A different approach resulted in Xenobots, the first fully‐biological biobots created by sculpting or molding amphibian embryonic cells into multicellular structures that can spontaneously locomote without external pacing.[ 7 ] But it was not known how general these phenomena are, whether this kind of plasticity extended to mammals, or what the throughput of this technology can be. Thus, we sought to address whether the capacity of genetically unaltered cells to generate a self‐propelled, multicellular living structure in this way is unique to amphibian embryonic cells, and whether such a living structure can be built without needing to be individually sculpted or molded, but instead coaxed to self‐construct from an initial seed cell, resulting in a high‐throughput process wherein large numbers of biobots can be grown in parallel.

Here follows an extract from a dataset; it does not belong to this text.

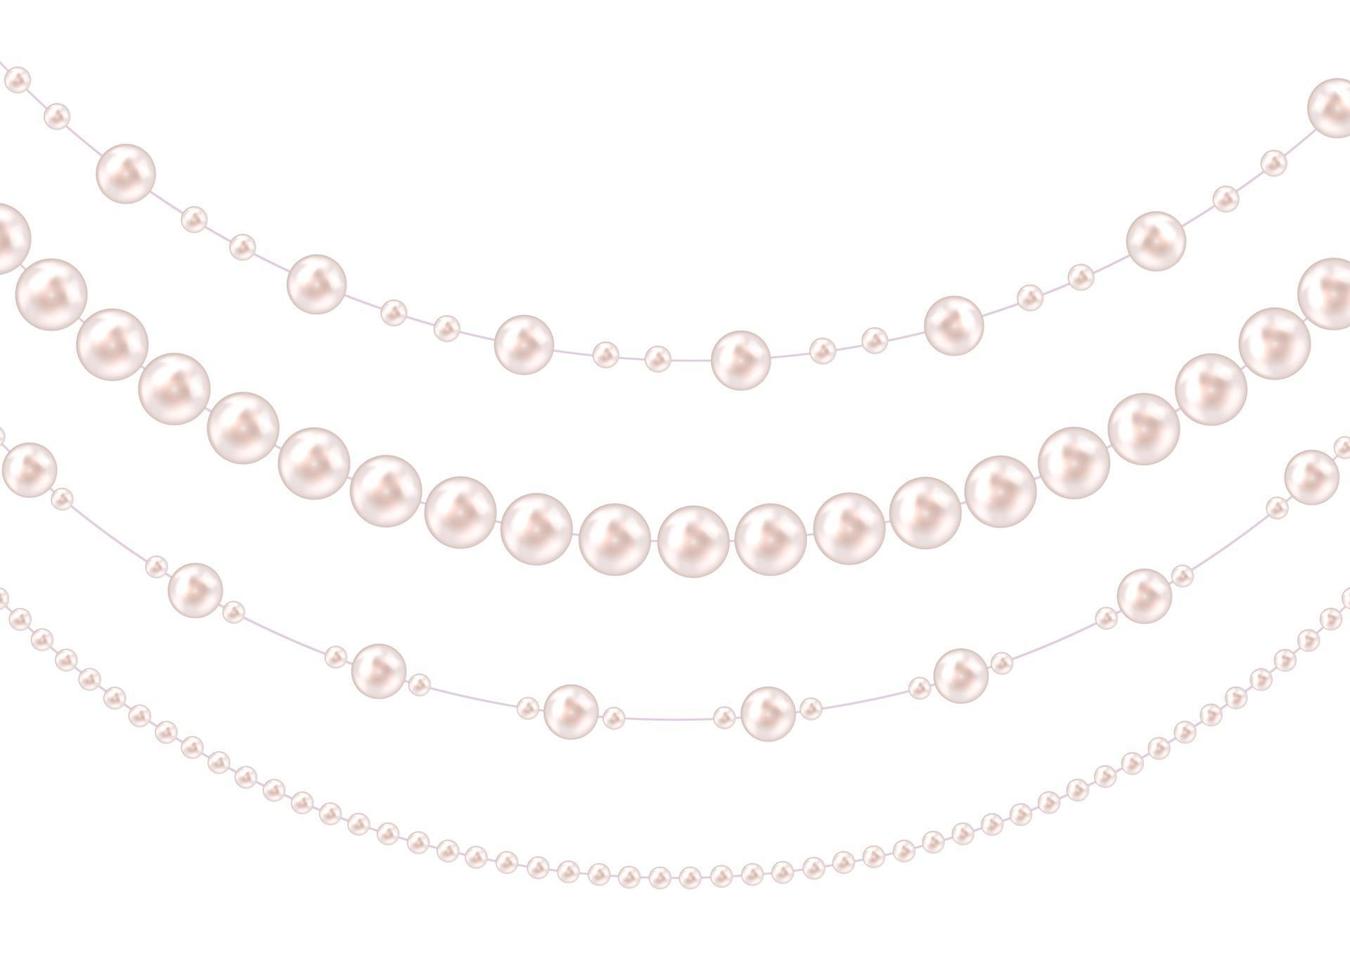 guirlandas de cordas com bolas, isoladas no fundo branco. ilustração vetorial vetor

Here, we introduce novel, multicellular, fully biological, self‐constructing, motile living structures created out of human lung epithelium. We refer to them as Anthrobots, in light of their human origin and potential as a biorobotics platform.[ 2 , 8 ] We quantified their emergent natural, baseline properties as an essential background characterization of their native capacities which will serve as targets for future efforts to reprogram form and function for useful purposes. Anthrobots self‐construct in vitro, via a fully scalable method that requires no external form‐giving machinery, manual sculpting, or embryonic tissues and produces swarms of biobots in parallel. They move via cilia‐driven propulsion,[ 9 ] living for 45–60 days. We quantitatively characterized the range of movement and morphological types, showing that their behaviors are strongly correlated with specific features of their anatomy. The ability of adult, somatic, human cells to form a novel functional anatomy, with unique behaviors, reveals that this plasticity is not restricted to amphibian or embryonic cell properties, and is a fundamental feature of wild‐type cells that requires no direct genetic manipulation to unlock. Furthermore, we found that Anthrobots exhibit a highly surprising behavior given their origin as static airway epithelium: they can move across scratches in (human) neuronal monolayers and induce gap closures across these scratches. Numerous in vitro and in vivo uses of such functional living structures can be envisioned, especially because they can now be made from the patient's own cells.[ 10 ]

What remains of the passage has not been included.